Последующие несколько дней "тюрьма" принадлежала только мне. Он понял, что практика игры на фортепиано требовала одиночества, и границы сами выставлялись, когда бы я ни собиралась играть.

Сначала, я думала, что Джейк все еще беспокоит меня. Находиться в одних комнатах, касаться тех же вещей. Было невозможно сказать, что принадлежало ему, а что – Ризу. Средства личной гигиены в душе. Одежда за раздвижными дверьми (аккуратно развешенные рубашки, сложенные свитера и джинсы), ничего из того, что Риз привез с собой. Может, братья носили одну одежду, когда оказывались на острове? Но были вещи, которые явно принадлежали Джейку. Открытые ноты Шопена. Карта звездного неба, оставленная на кофейном столике.

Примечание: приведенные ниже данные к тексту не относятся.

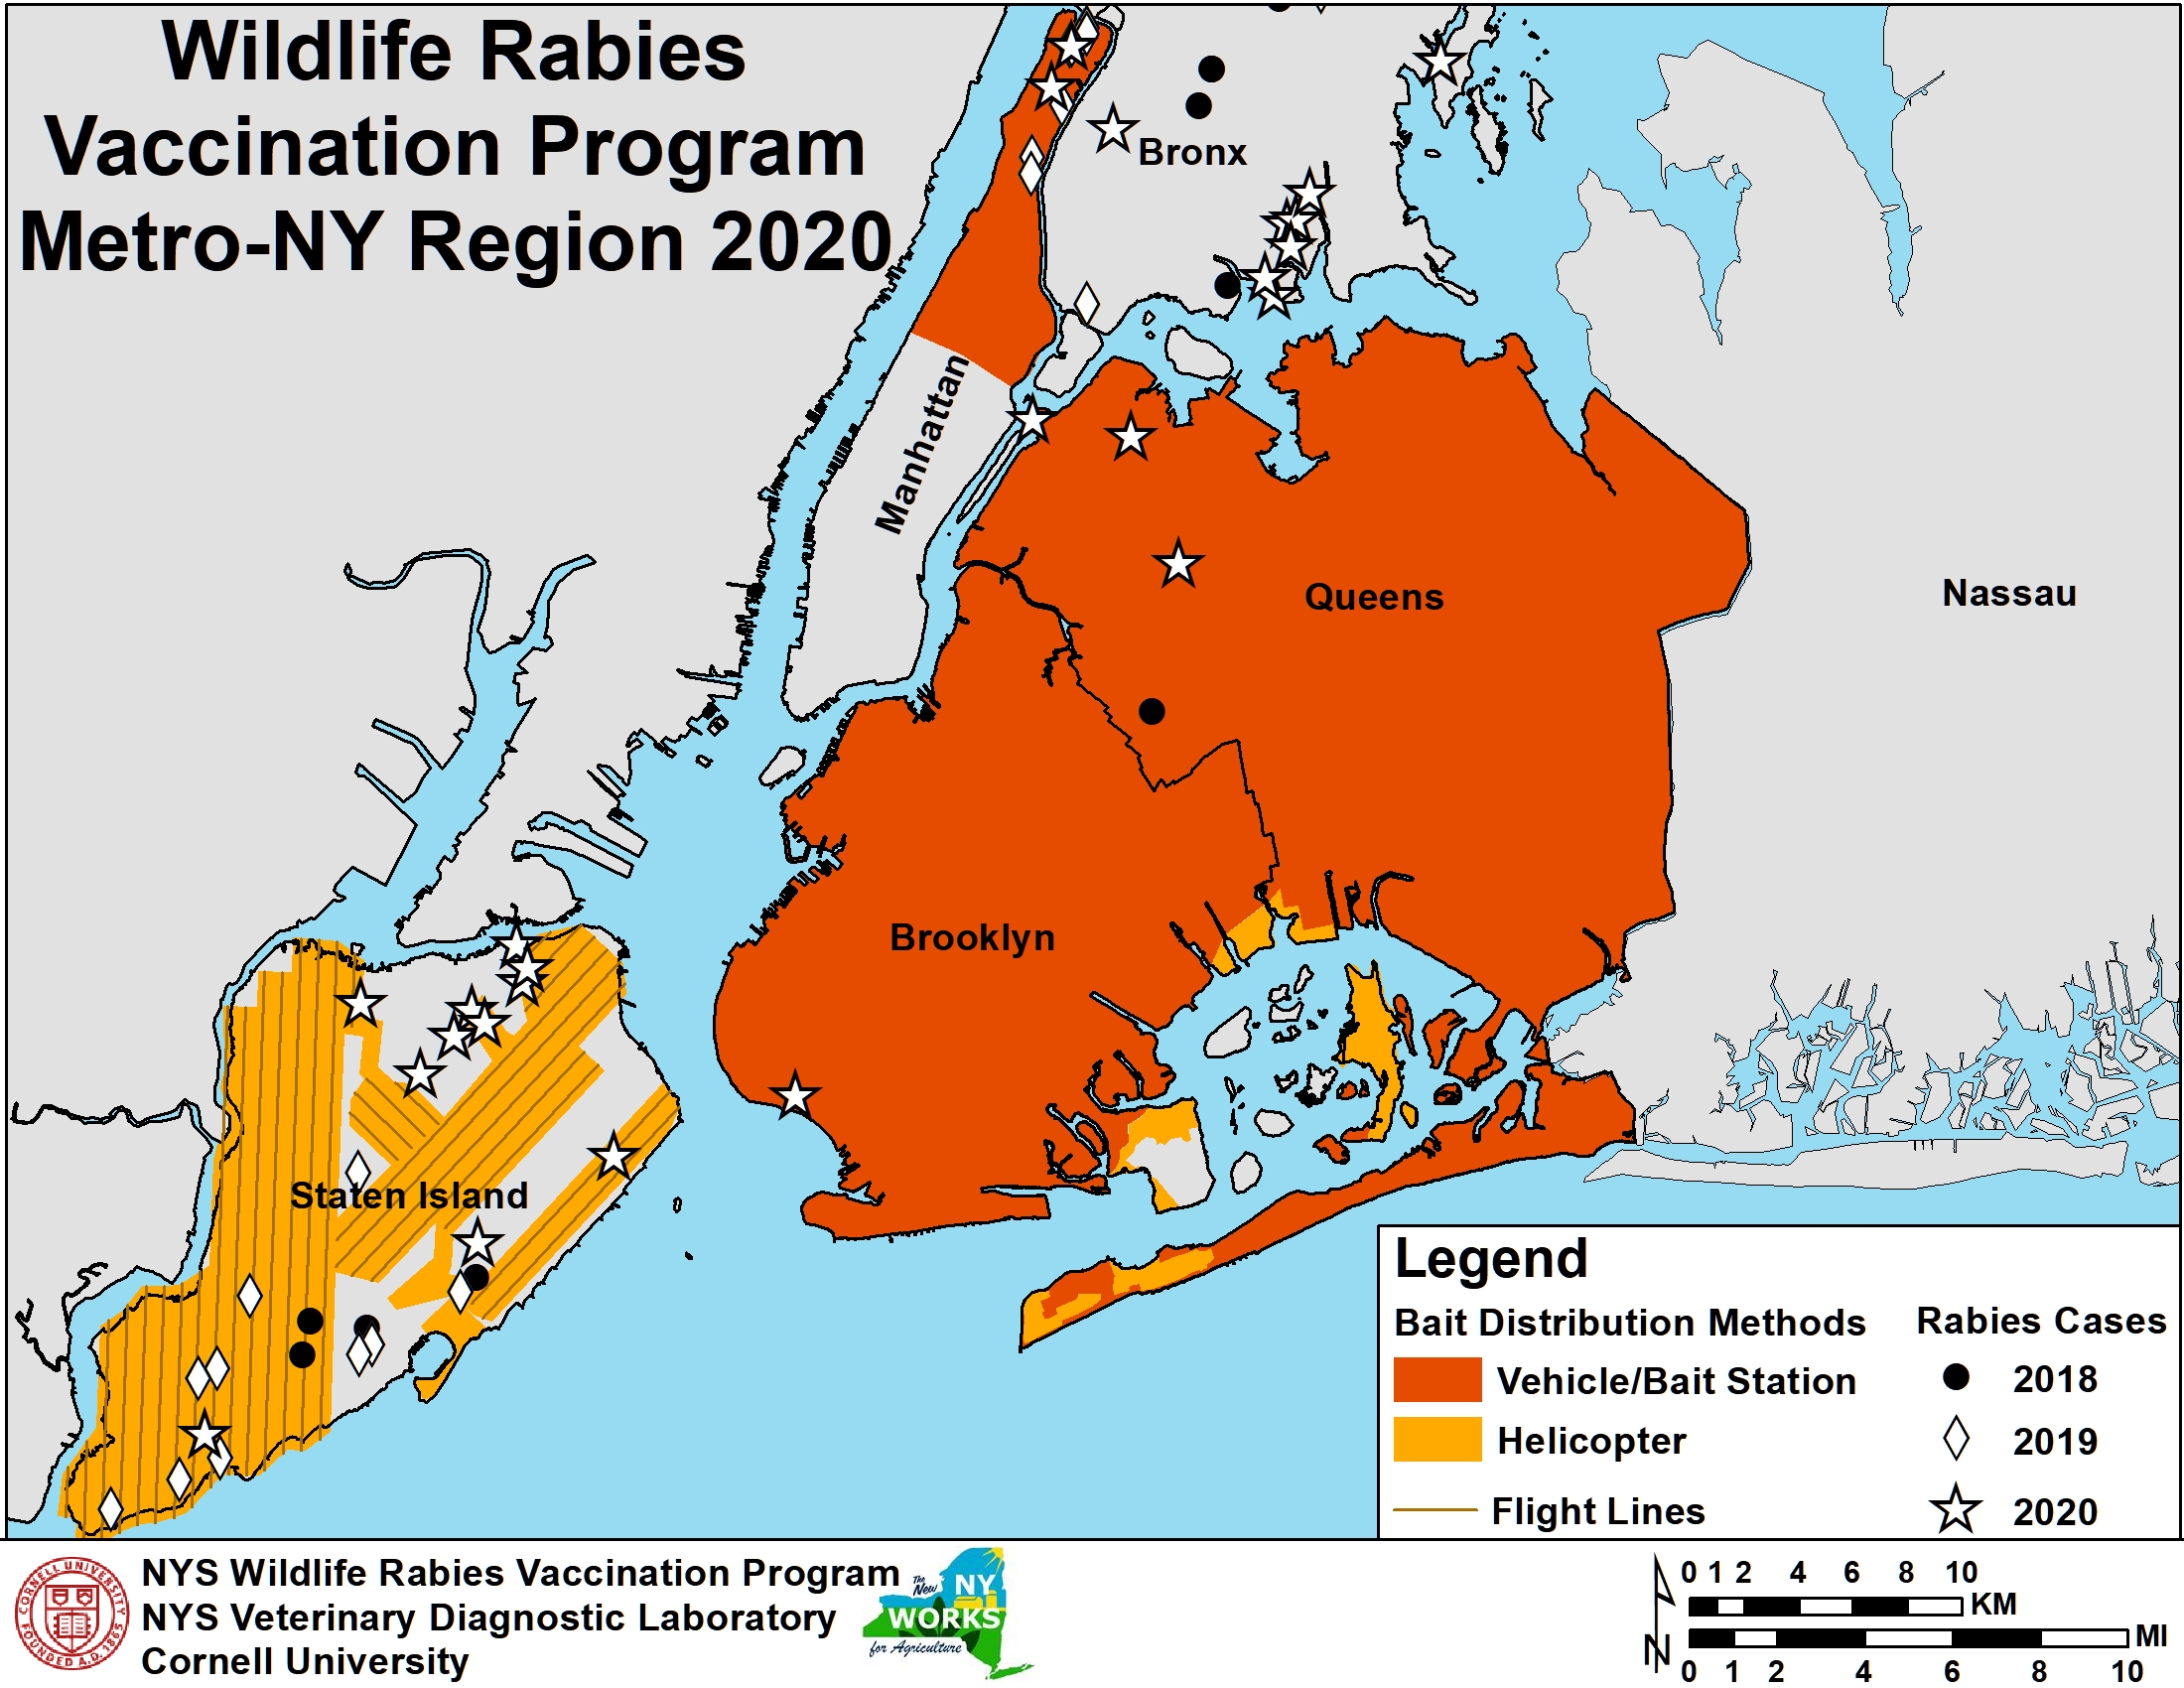 A map of all five boroughs. Brooklyn, Queens and Harlem's vaccinations are being distributed through vehicle/belt stations. Staten Island's vaccinations are being distributed by helicopter.

Но, неминуемо, эти напоминания стали меркнуть, чем больше времени мы находились в доме. А что касается экскурсий по острову "то тут, то там", ему много что было мне показать: исторические города, бухты, пляжи, даже качели с 1876 года, которые являются самыми старыми в Америке. Но местом, которое украло мое сердце, стал маяк, стоящий в изоляции между пестрых скал.

Мы забрались по винтовой лестнице на, как назвал ее Риз, галерею – обрамленную перилами террасу, которая окружала башню. Внизу изгибался западный берег, обросший растянувшейся сухой травой, из–за которой скалы выглядели мохнатыми, словно золотая спина гончей.

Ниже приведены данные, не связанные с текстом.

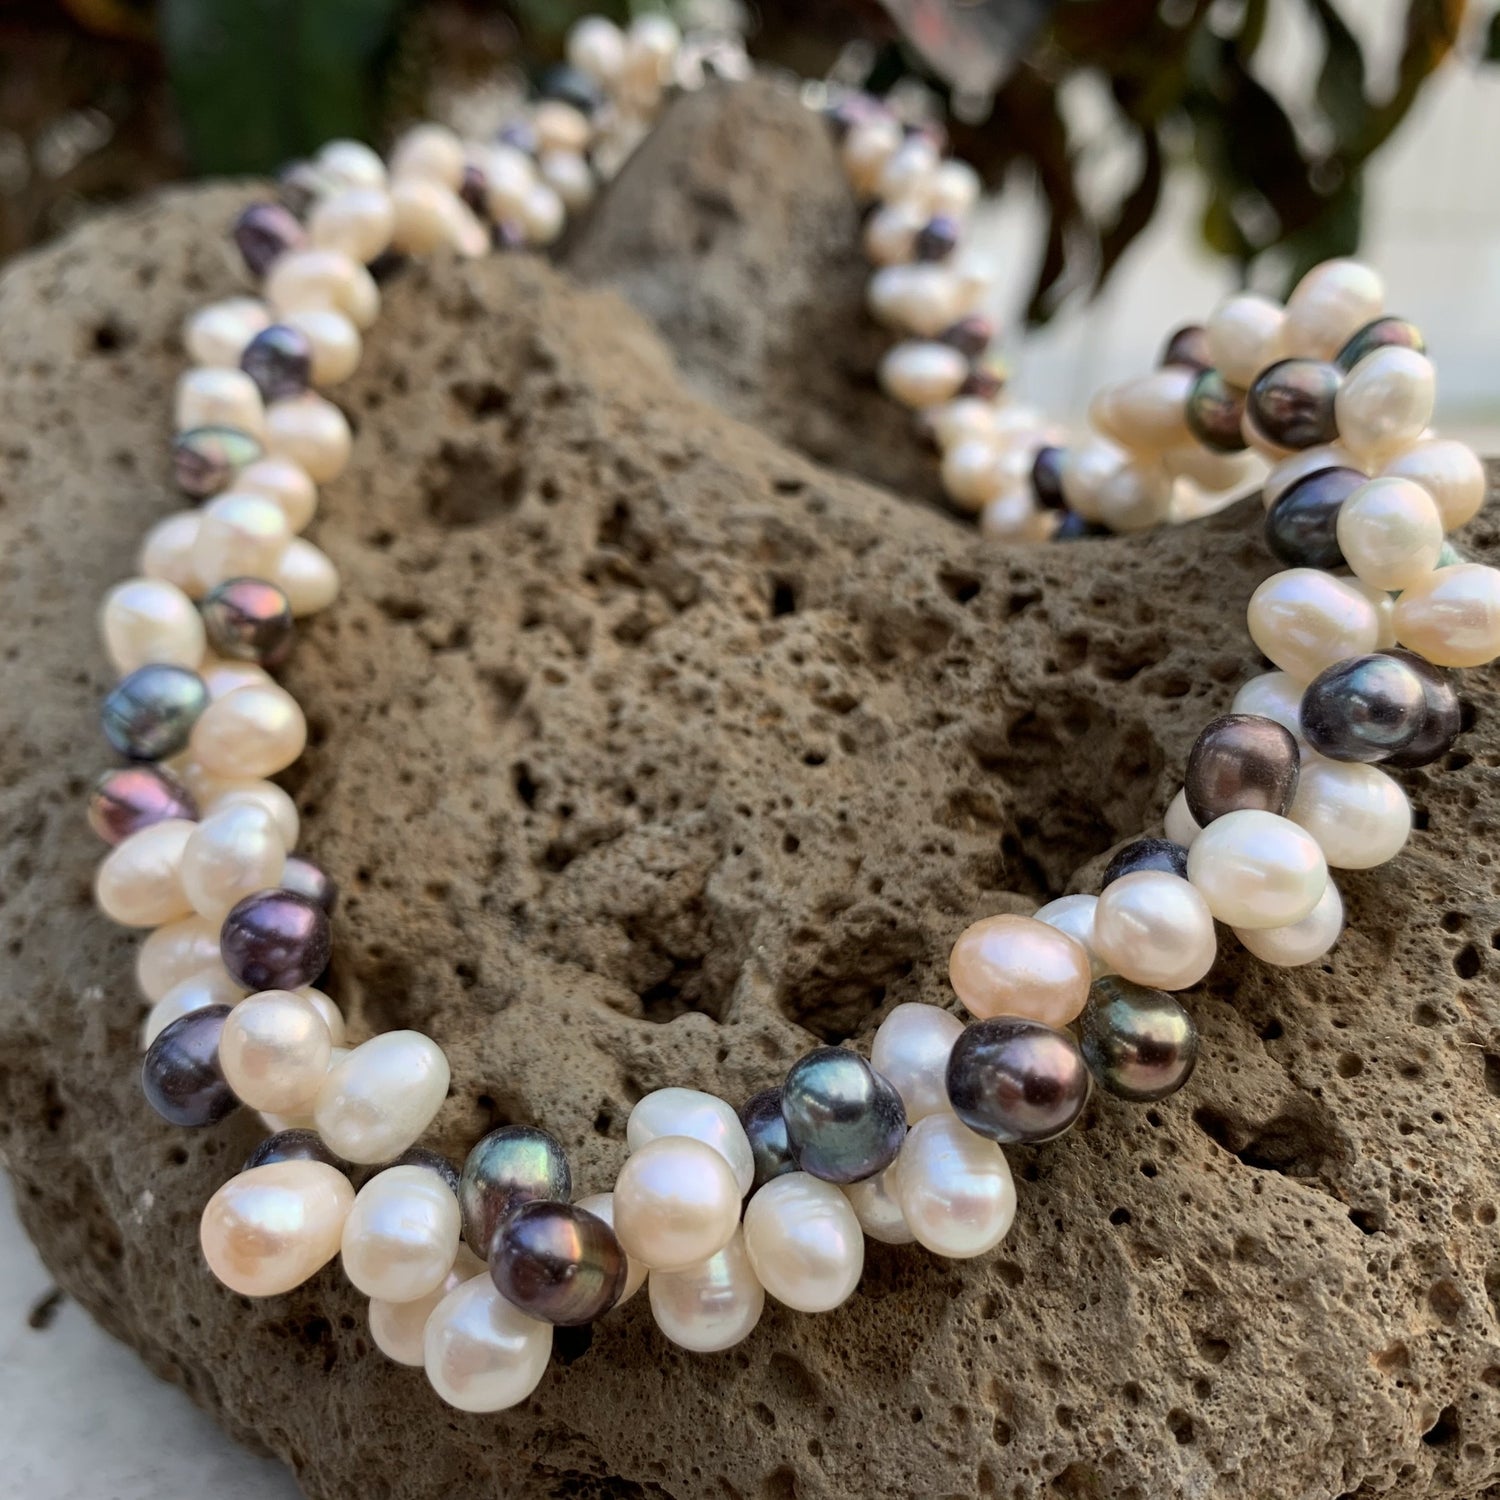 Cluster pearl necklace in mixed colors with black and white pearls.

– Индейцы называли это место Аквинна. – Он обнял меня, позволяя ветру бушевать вокруг нас. – Это значит "конец острова". Но он концом он является лишь при приливе. Видишь те скалы? – Он указал на холмистые клочки красного, коричневого и цвета охры, о которые разбивались волны, в десятках метров снизу. – Когда вода омывает их, конец острова снова приближается. Маяк уже однажды переносили, чтобы спасти от обрушивающейся глины.

– Глины?

– Скалы полностью состоят из глины, образованные ледниками сотни миллионов лет назад.

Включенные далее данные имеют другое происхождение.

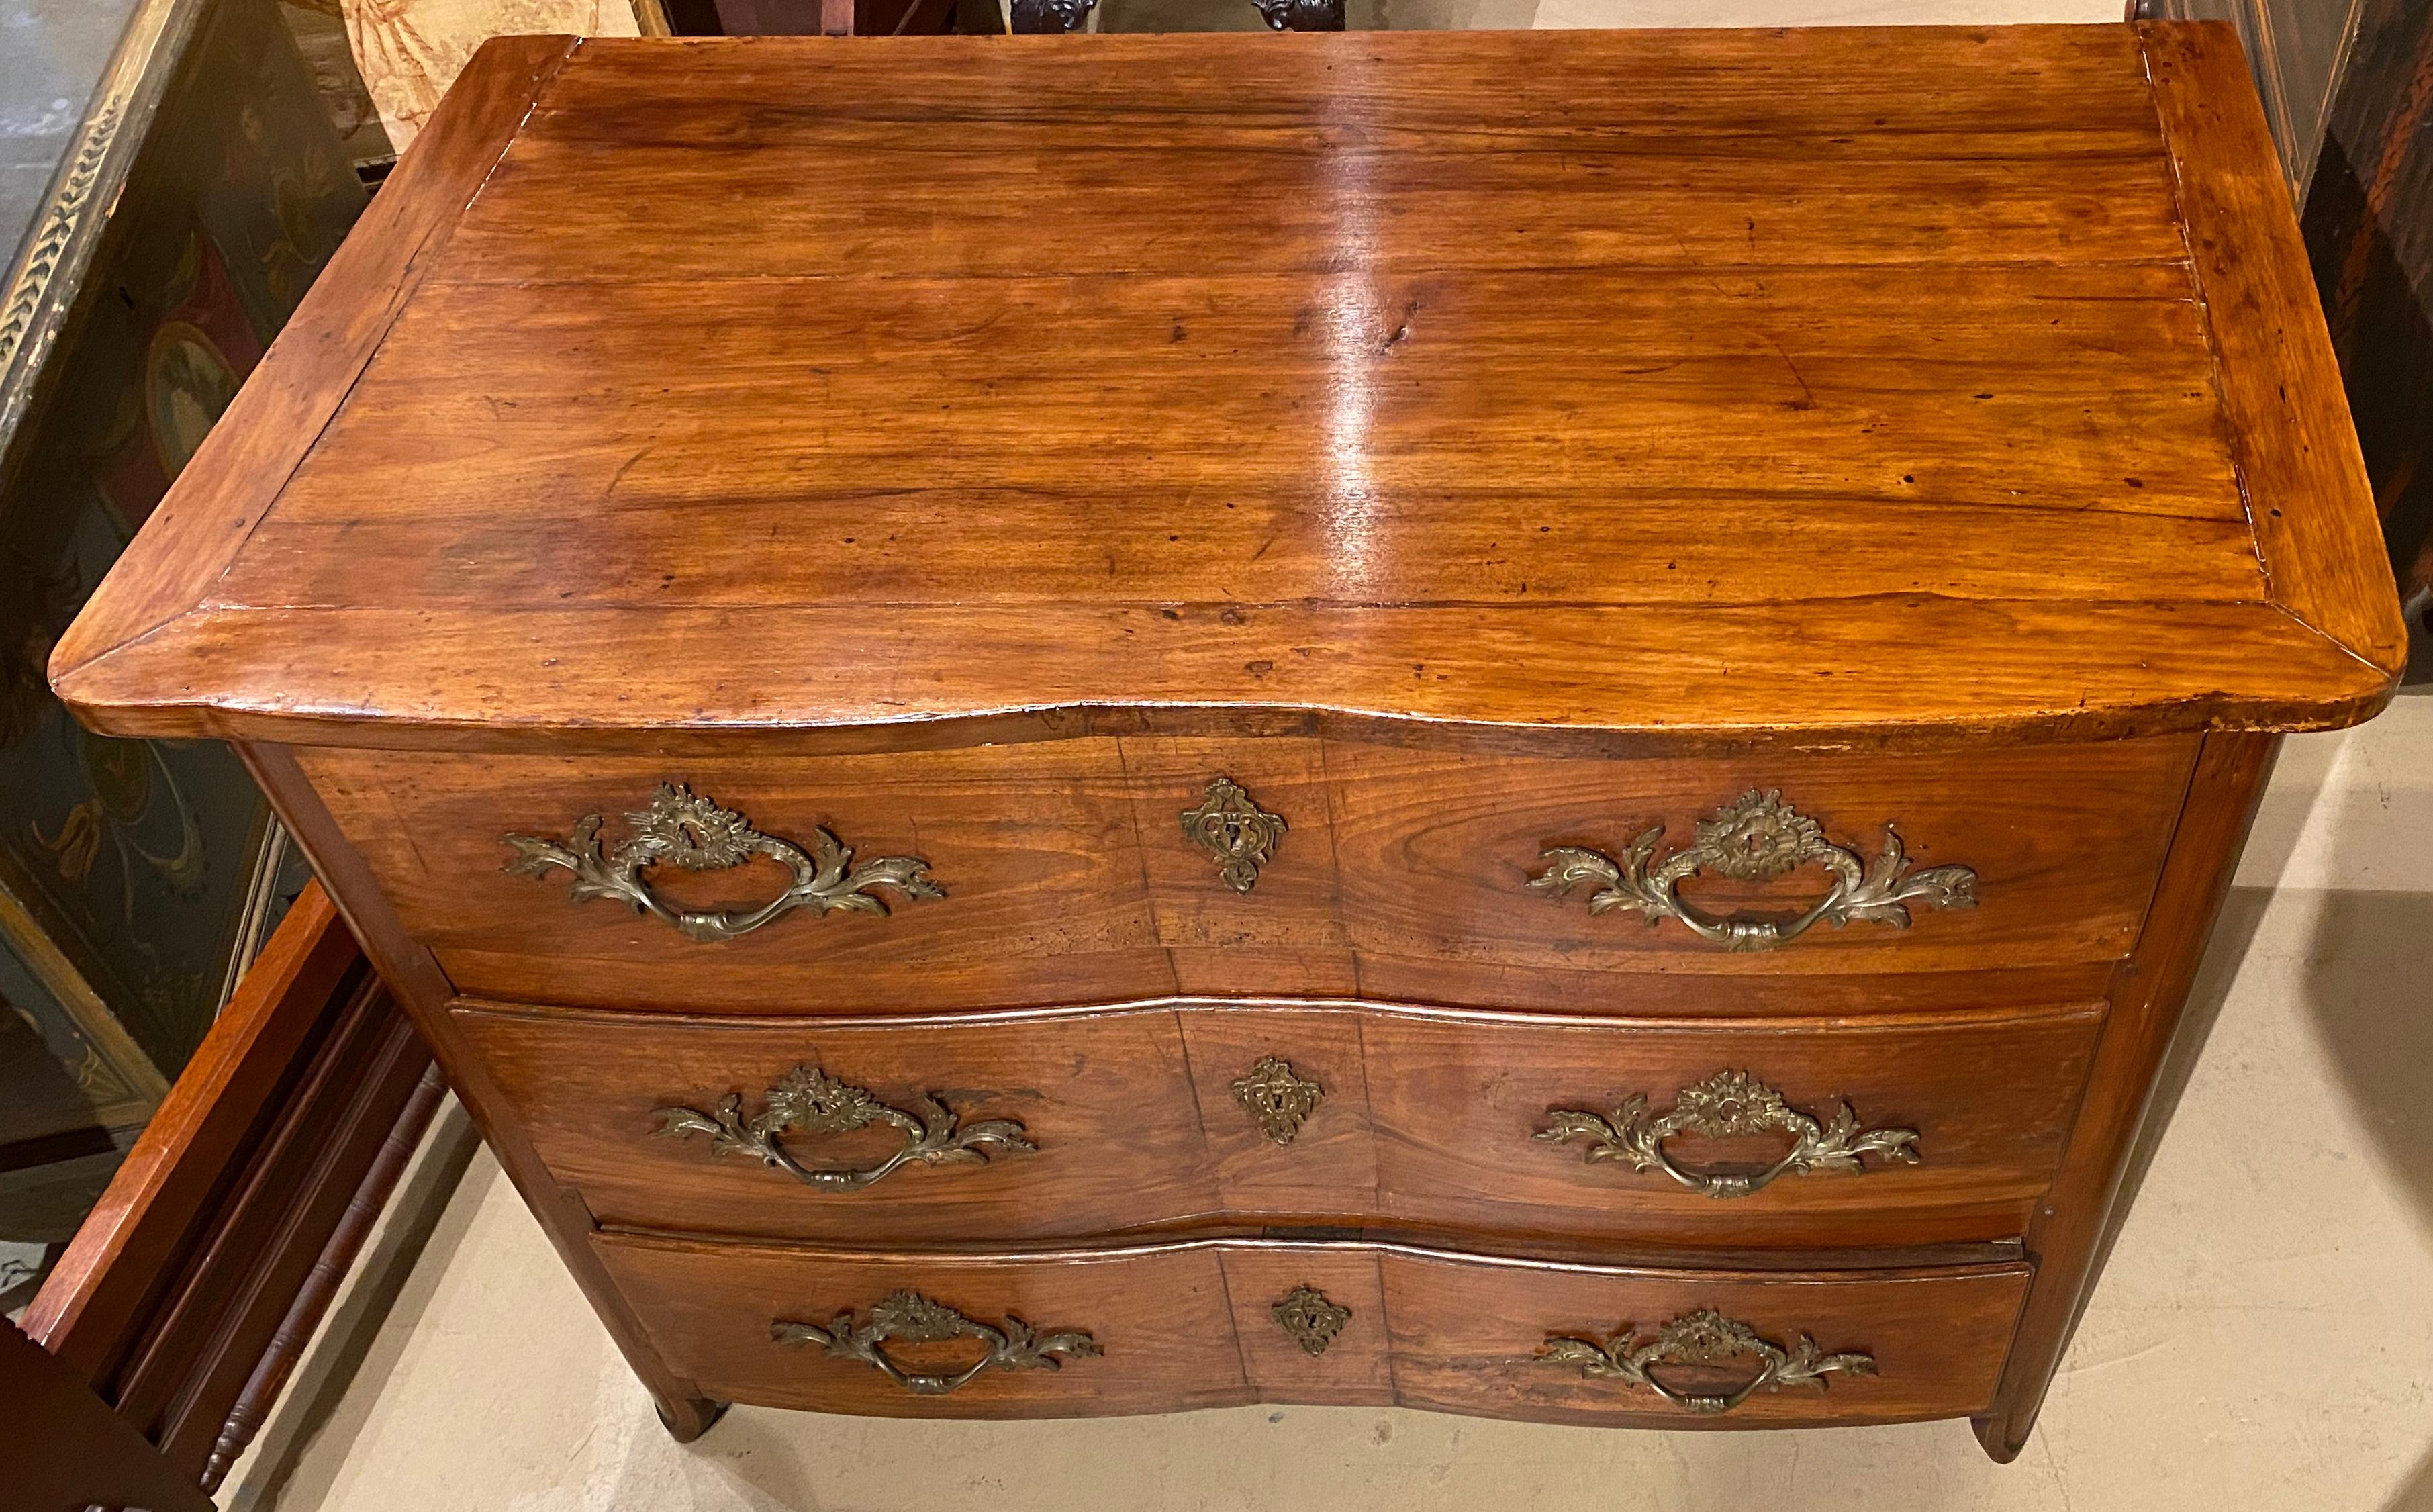 A fine provincial walnut three drawer commode with shaped top and conforming case, scrolled brass or bronze pulls and escutcheons (probably original), raised panel drawer fronts and side panels, all supported by two front short splayed carved feet.

– Сотни... миллионов? – Внезапно, древнегреческая глина показалась любой, но никак не древней. – Жаль, что воды наконец побеждают.

– Эрозия всегда выигрывает, – сказал он тихо. – Ничто не возможно уберечь от нее на протяжении вечности.

Мне казалось, будто это предупреждение. Но о чем? Целый остров разрушался под нашими ногами, невидимо, даже пока мы говорили. И я, была ли я в безопасности на этом острове? Или приехала сюда с кем-то, кто, как и те волны, всегда побеждал?

Мы не вернулись в дом после наступления темноты. Риз хотел хотел поужинать на полу перед камином, среди подушек и свечей, чье отражение танцевало в завораживающей панике на потолке, когда случайный сквозняк пробирался по комнате.

– Готова? – Мы закончили есть, так что он поднял меня с пола.

– Готова... для чего?

Он подошел к фортепиано, открыл страницы Альбениса и поставил их на подставку.

– Я не думаю, Риз.

– А почему нет? Ты и так уже мне задолжала. К тому же, нельзя быть такой скромной и играть подобную музыку. Так что давай послушаем.

Он обошел меня сзади и погрузился в диванные подушки, создавая иллюзию, что я одна в комнате. Но ничего не помогало, я все еще чувствовала его. Его, наблюдающего за мной и готового слушать. И поглощать. И судить.

Поспешили звуки: стеклянные бусы, рассыпающиеся по испанской улице, когда ожерелье было сорвано с плеч девушки. Но бус было недостаточно. Эту улицу должна была заполнить летняя гроза, разбиваясь, рассыпаясь по брусчатке, превращаясь в пыль.

Ко времени, как я дошла до более медленной средней части, пьеса стала пустой. Безжизненной. Исчезла ее красота.

– Я же говорила... – Мои руки упали. Я даже смотреть на него не могла. Затем...

Губы. На моей лопатке. И он, опускающийся на скамью рядом со мной.

– Видишь? – Он опустил мою руку на ширинку своих джинс. Все внутри взрывалось, твердое от пульсации, словно музыка все еще пронзала его волнами. – Вот что ты делаешь со мной, когда играешь. – Затем он позволил моей руке соскользнуть. – Теперь тебе нужно безумие Албениса. Ты овладела техникой. Но тебе не хватает пока Испании.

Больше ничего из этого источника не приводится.